Figure 6 shows the friction coefficient of different friction pairs. From the time-varying friction coefficient (Fig. 6a), it can be seen that in the initial stage, the contact of the friction pair is unstable and the friction coefficient is large due to the micro concavity, and then with the friction, the contact of pairs tends to be stable. Also, the natural cartilage has two phase-loading characteristics. In the initial stage, the hydraulic loading mechanism of cartilage lags because of the influence of the viscoelasticity of cartilage, which makes the initial friction coefficient larger.

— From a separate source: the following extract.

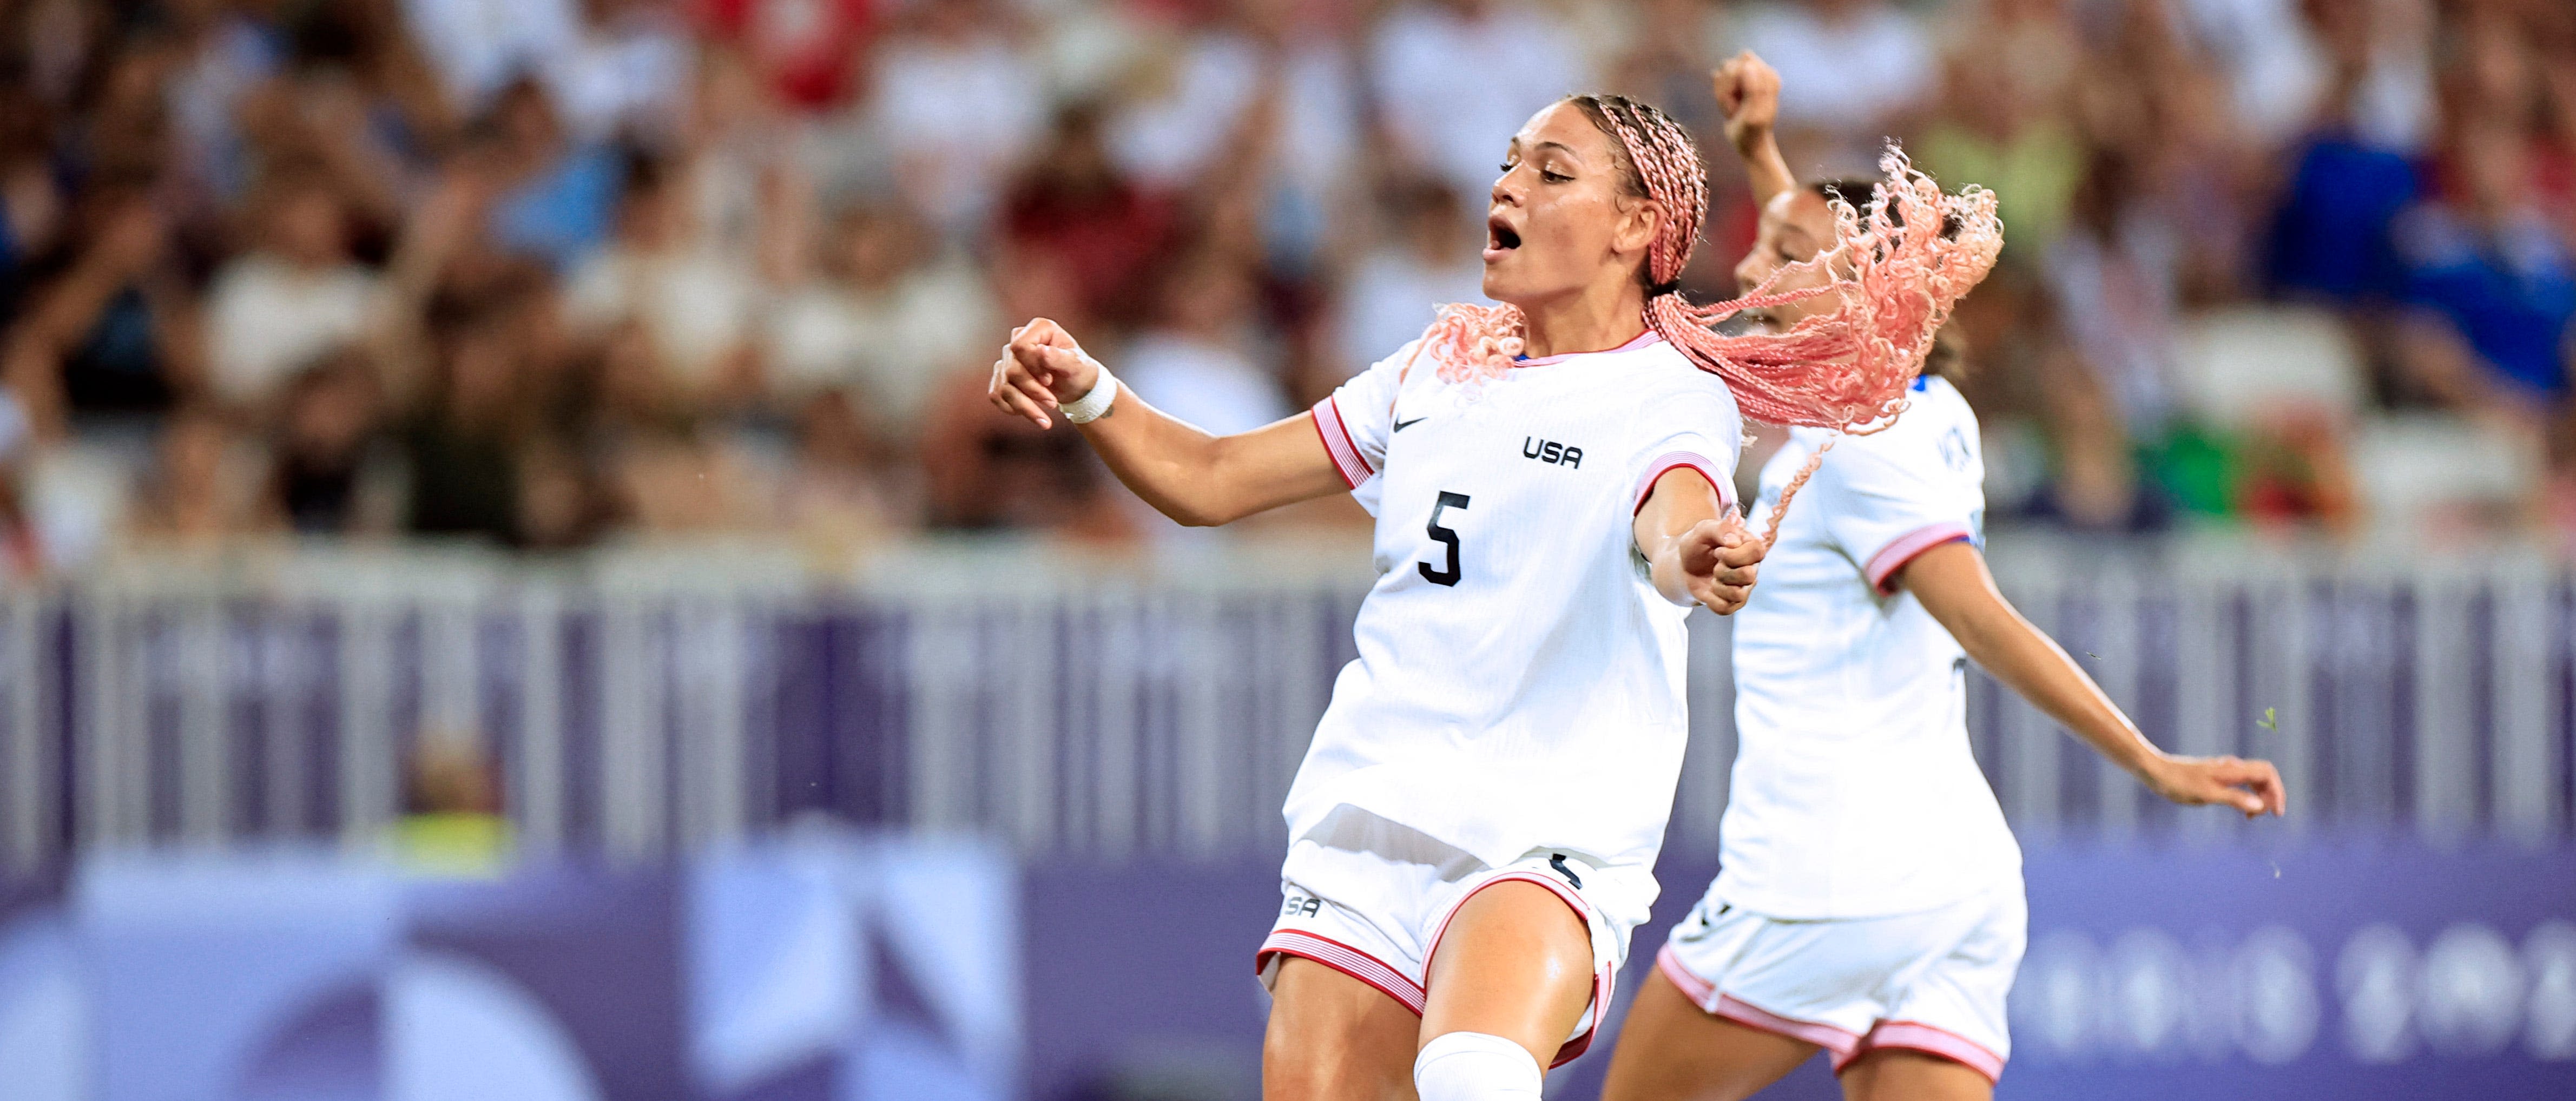 Trinity Rodman had fans in awe with her stunning goal to open the USWNT's scoring at the Paris Olympics

But with the increase of friction time, the hydraulic loading mechanism of cartilage gradually responds, and the soft bone surface is evenly loaded, which makes the friction coefficient gradually stable. The friction coefficients of the PEEK/articular cartilage and CoCrMo alloy/articular cartilage friction pairs change similarly, with the friction coefficients decreasing sharply and then stabilizing. The friction coefficients of ceramic/articular cartilage decrease sharply at first, then increase slowly and stabilize.

Fig. 6

The friction coefficient of different friction pairs. a Time-varying friction coefficient; b stable friction coefficient

It can be seen from Fig. 6b that the friction coefficients of ceramic/articular cartilage decrease significantly compared with the others. This is because the friction coefficient is closely related to the tissue characteristics of the material. The hardness, strength, modulus of elasticity, and other parameters affect the friction coefficient of the material. The hardness of the ceramic is far greater than that of the other two materials. During the wear process, the surface damage of the ceramic is slight, and the micro-convex body on the cartilage surface is gradually flattened under the complex friction such that the surface contact area increases, and the friction coefficient is minimal. It can be seen from the creep characteristics of the three pairs in Fig. 5 that under the same load, the normal deformation of ceramic/articular cartilage is the largest. In other words, the actual contact area of ceramic/articular cartilage is the largest, that of CoCrMo alloy/articular cartilage is second, and that of PEEK/articular cartilage is the smallest.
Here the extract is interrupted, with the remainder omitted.